• [EXERCISE REQUIREMENTS] What is needed is every line from the one holding "高中第二节 规矩方圆--汉字的简化和规范课文内容ppt课件" to the last line of the data below, printed exactly and without pictures.

• [COLLECTED DATA]

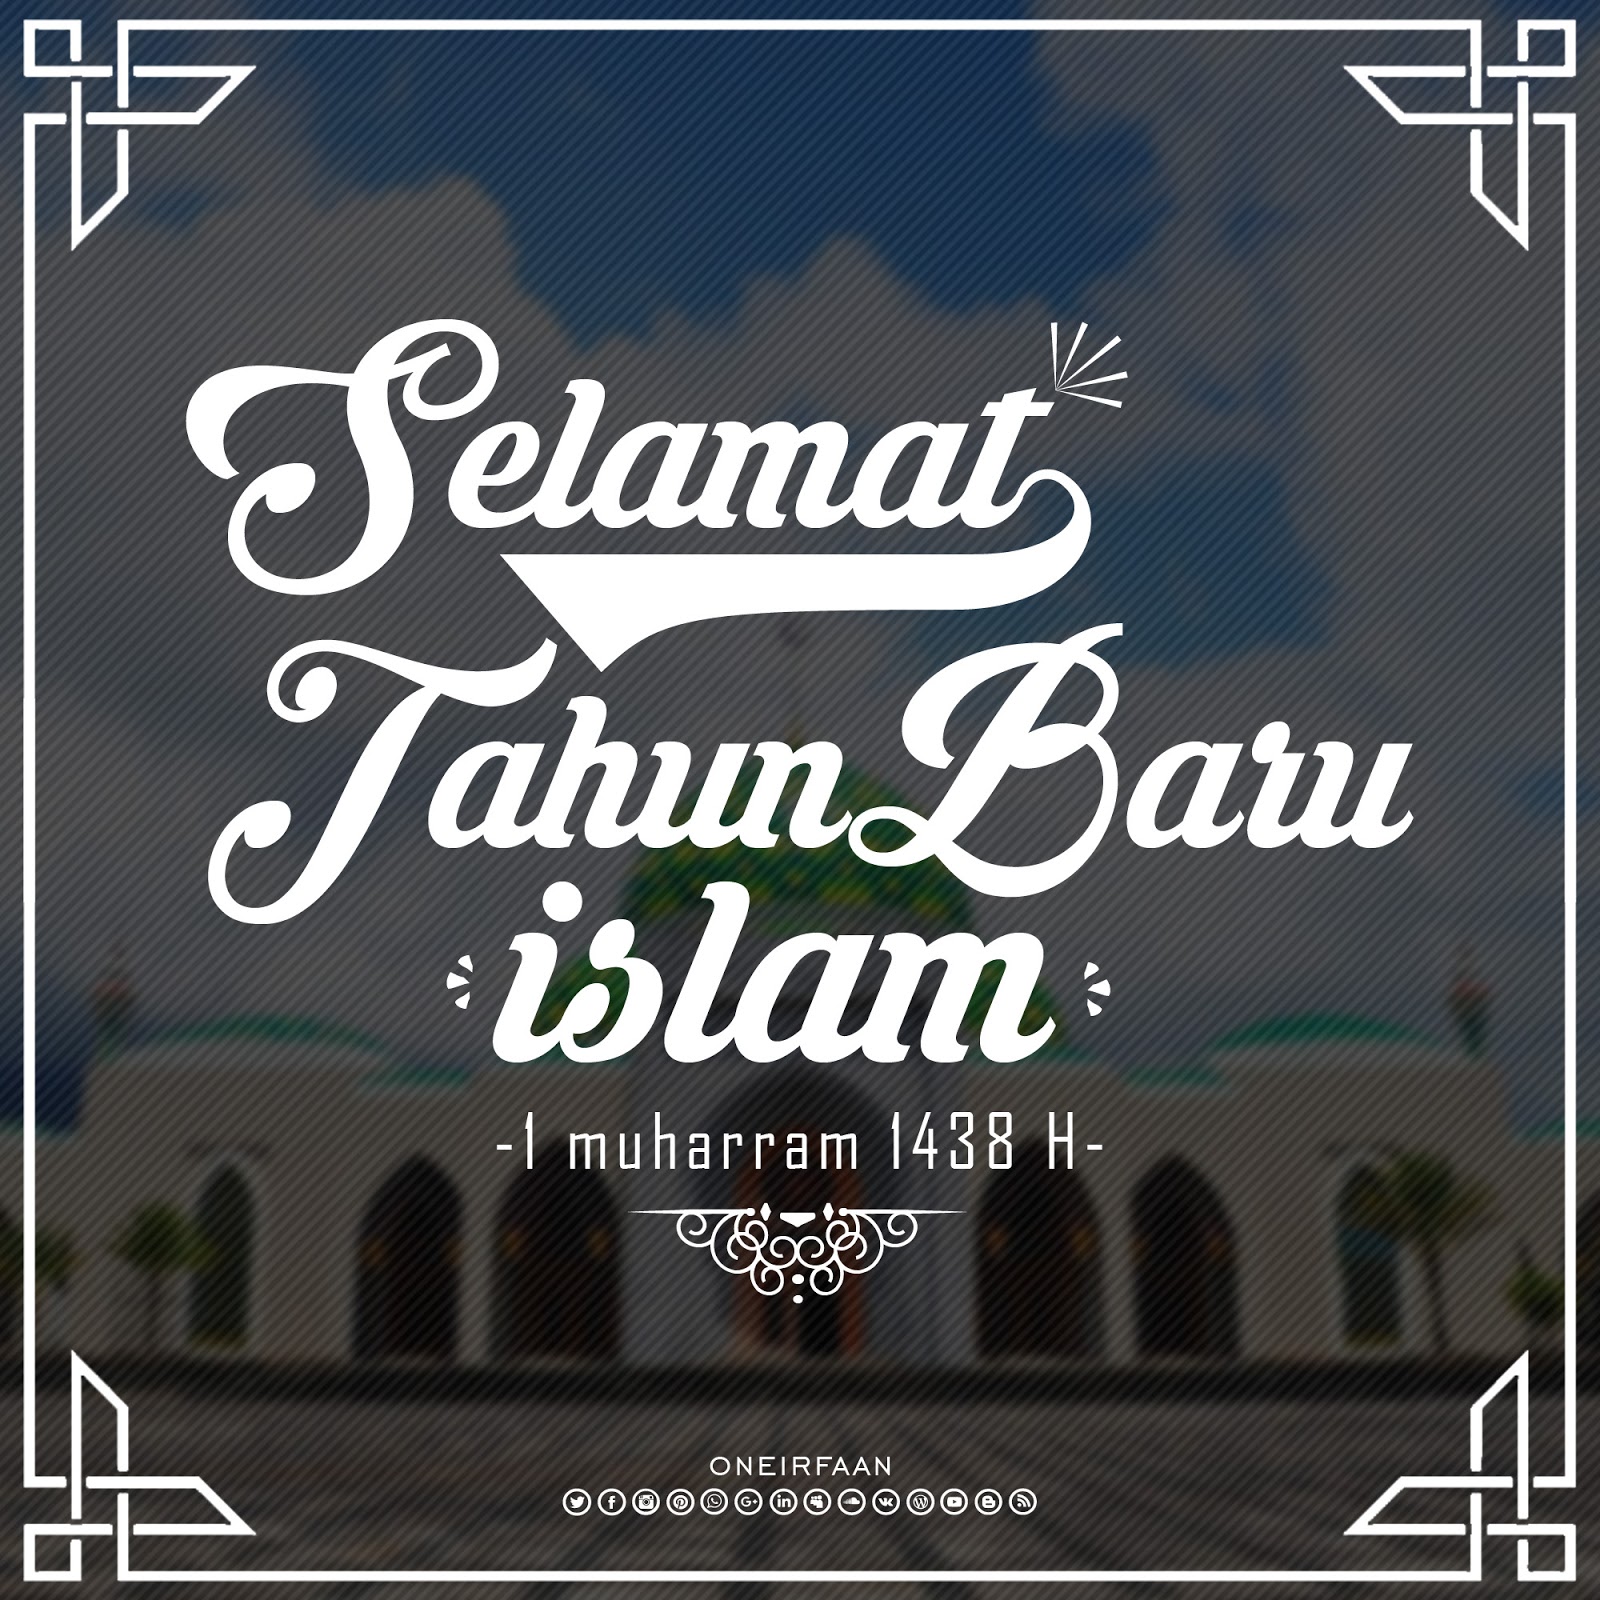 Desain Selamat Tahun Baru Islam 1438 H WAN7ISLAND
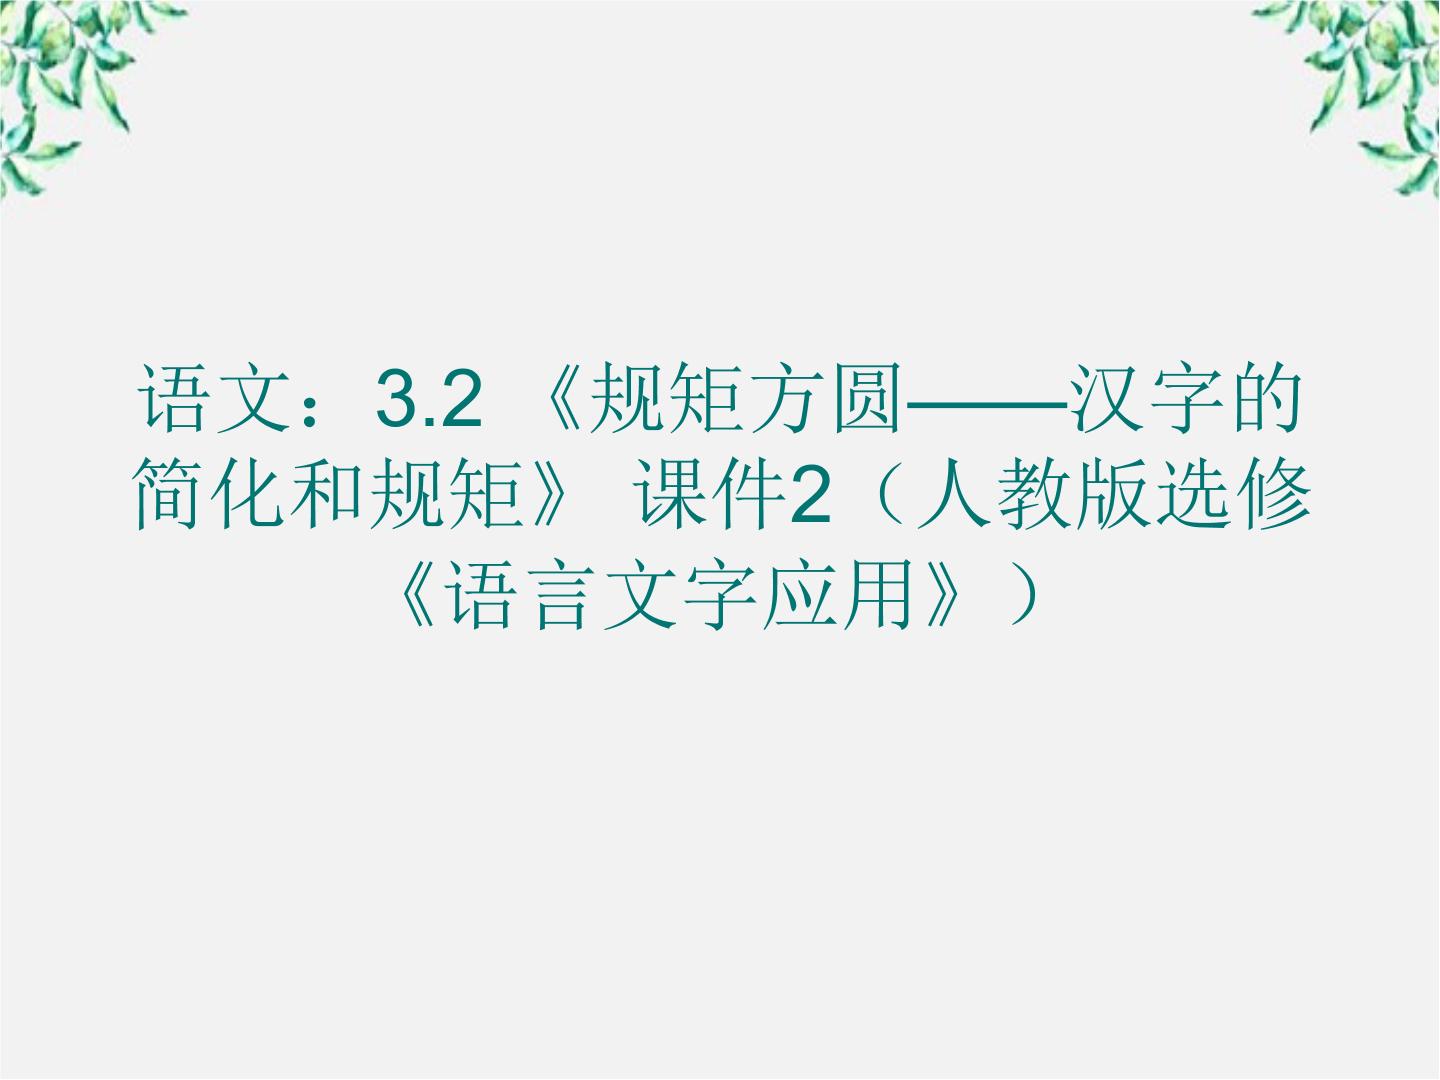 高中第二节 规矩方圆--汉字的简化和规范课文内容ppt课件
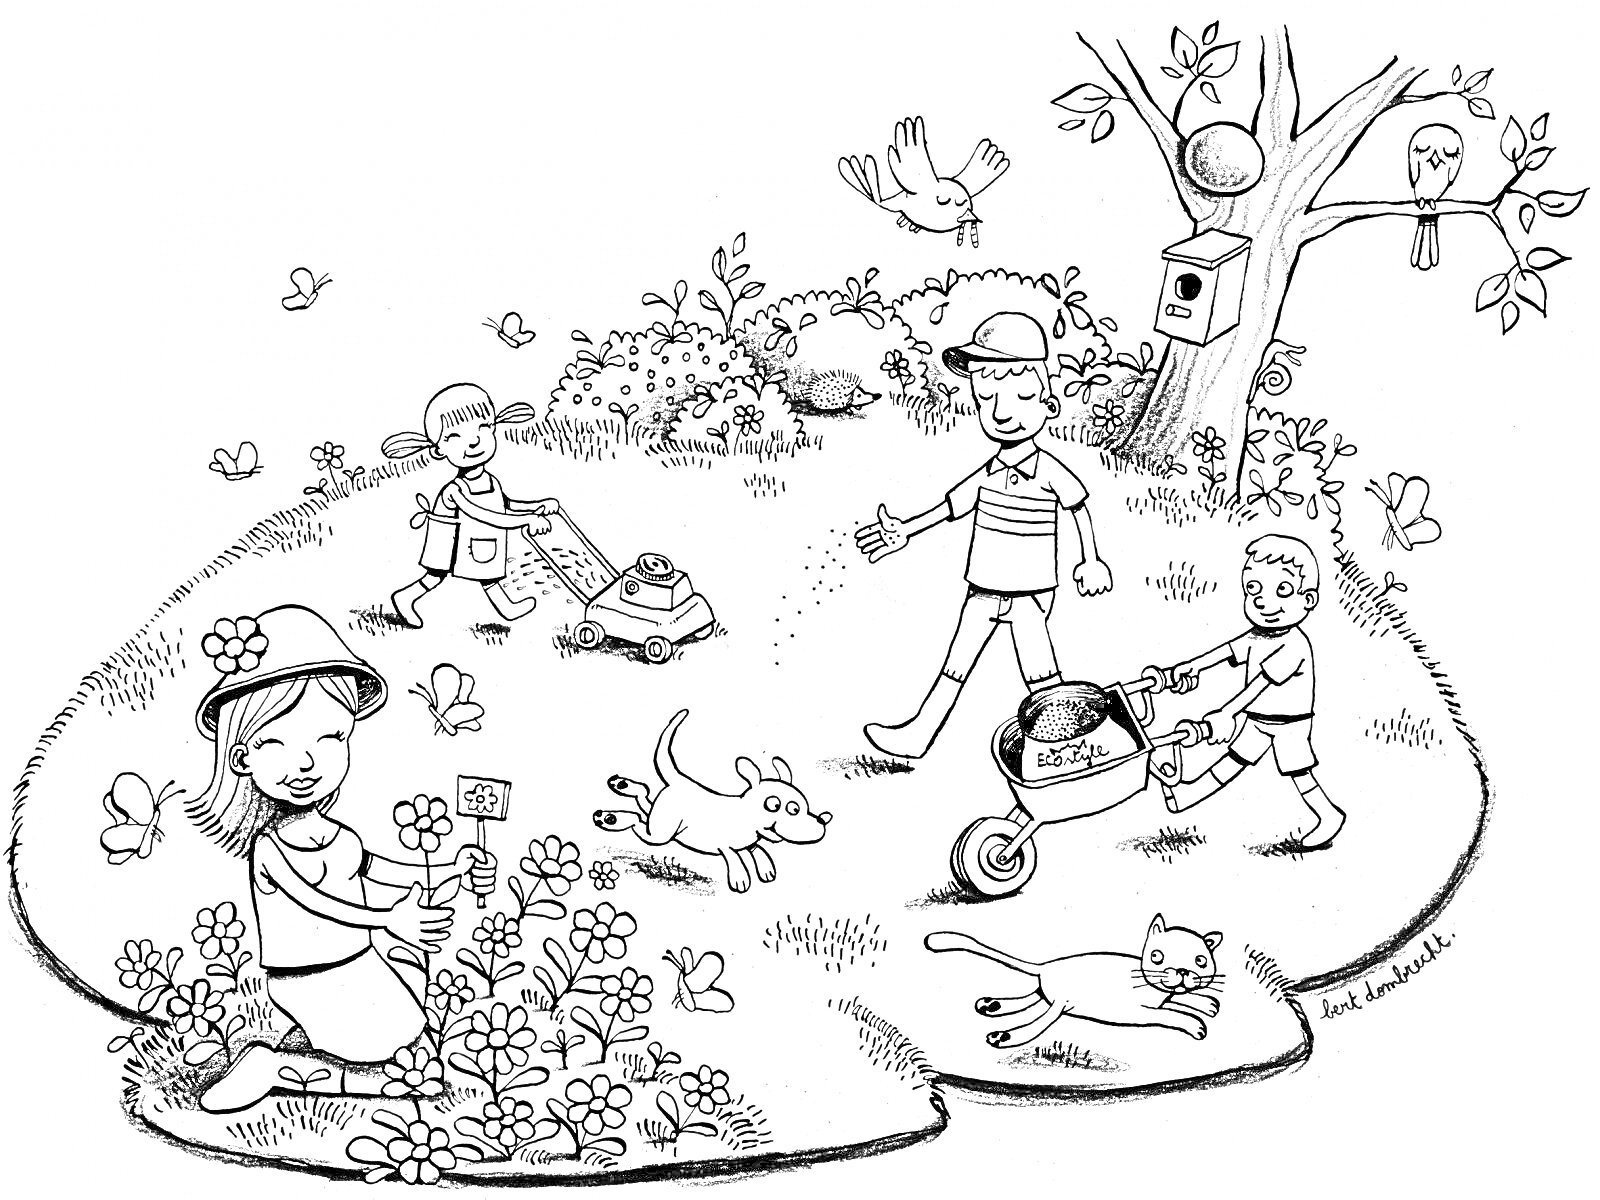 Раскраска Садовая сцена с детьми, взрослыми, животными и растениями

• [SOLUTION TO THIS PROBLEM]
 高中第二节 规矩方圆--汉字的简化和规范课文内容ppt课件
 Раскраска Садовая сцена с детьми, взрослыми, животными и растениями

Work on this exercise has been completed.